It went great. I asked Marianne if she would consider taking me on as a client. Before she answered, she asked me why I wanted to see her vs. Susan, checked to make sure that I would have the appropriate closure with Susan and made sure I was making a rational decision. After we discussed those issues and she was satisfied with my answers she said that yes she would take me on as a client. However we (Marianne and I) would have to meet with Susan on Monday to make sure it was okay with her too.

I am so thrilled and excited that I can continue working with Marianne. She said that she could tell that I was getting out a lot that I had been keeping in and that's why she wanted to see me again today. She did tell Susan that she was seeing me today. Susan was fine with that. I really can feel some hope with Marianne. I realized while talking to her that Susan is awesome at what she does (DBT) and I'll continue DBT group if it's okay with her. What Marianne offers that is different is that she 'digs' deep when talking with me and I need to do that too.

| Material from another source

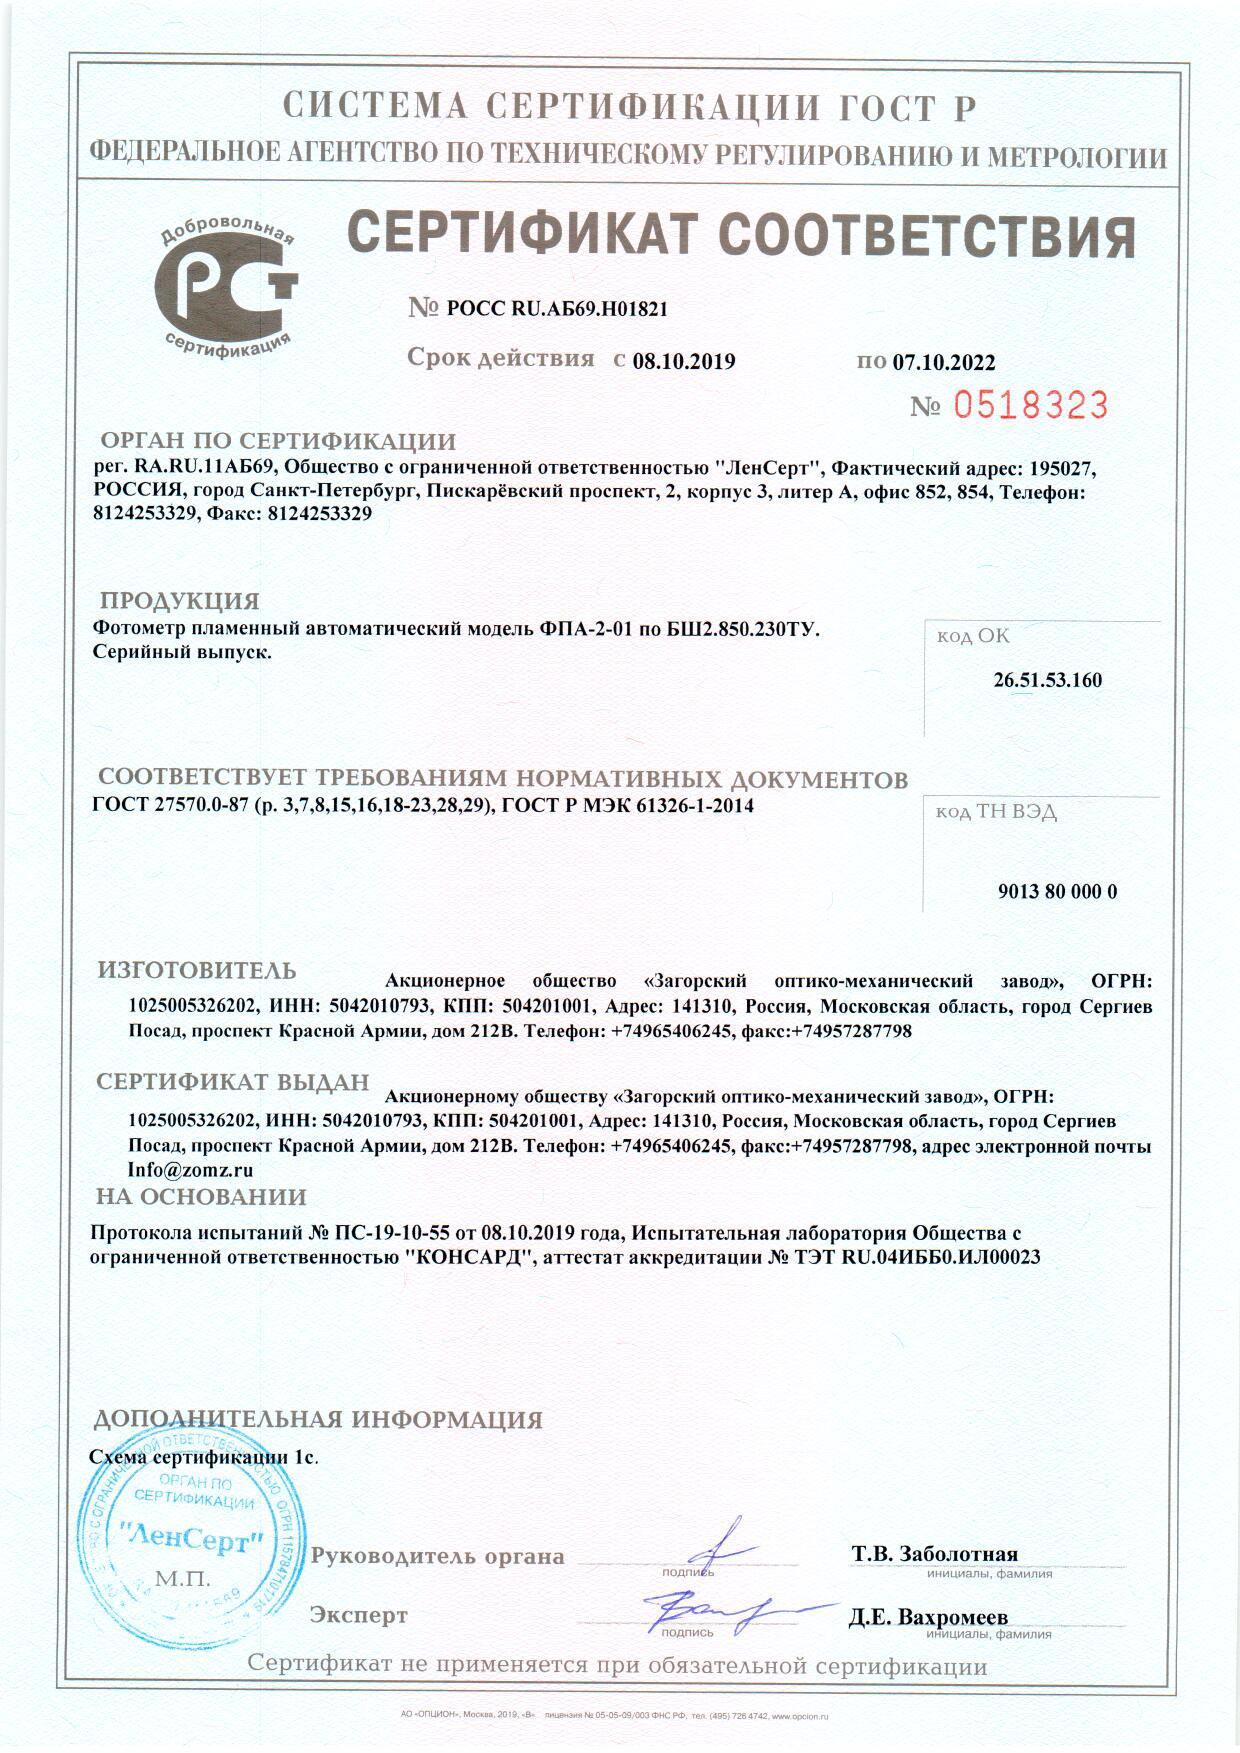 сертификат ФПА-2-01 Фотометр пламенный

I'm nervous about Monday and explained to Marianne how my mom was growing up and that this was still an uncomfortable situation for me, but I see it as progress that I am able to do it. Marianne agreed.

I don't think there will be any ethical issues. I'm assuming that Marianne would know if there were and would have let me know. Still, I'll won't count my chickens before they hatch. I'll wait for the okay from Susan on Monday before I celebrate moving on with Marianne and my healing.
__________________
"What is Real? asked the Velveteen Rabbit one day.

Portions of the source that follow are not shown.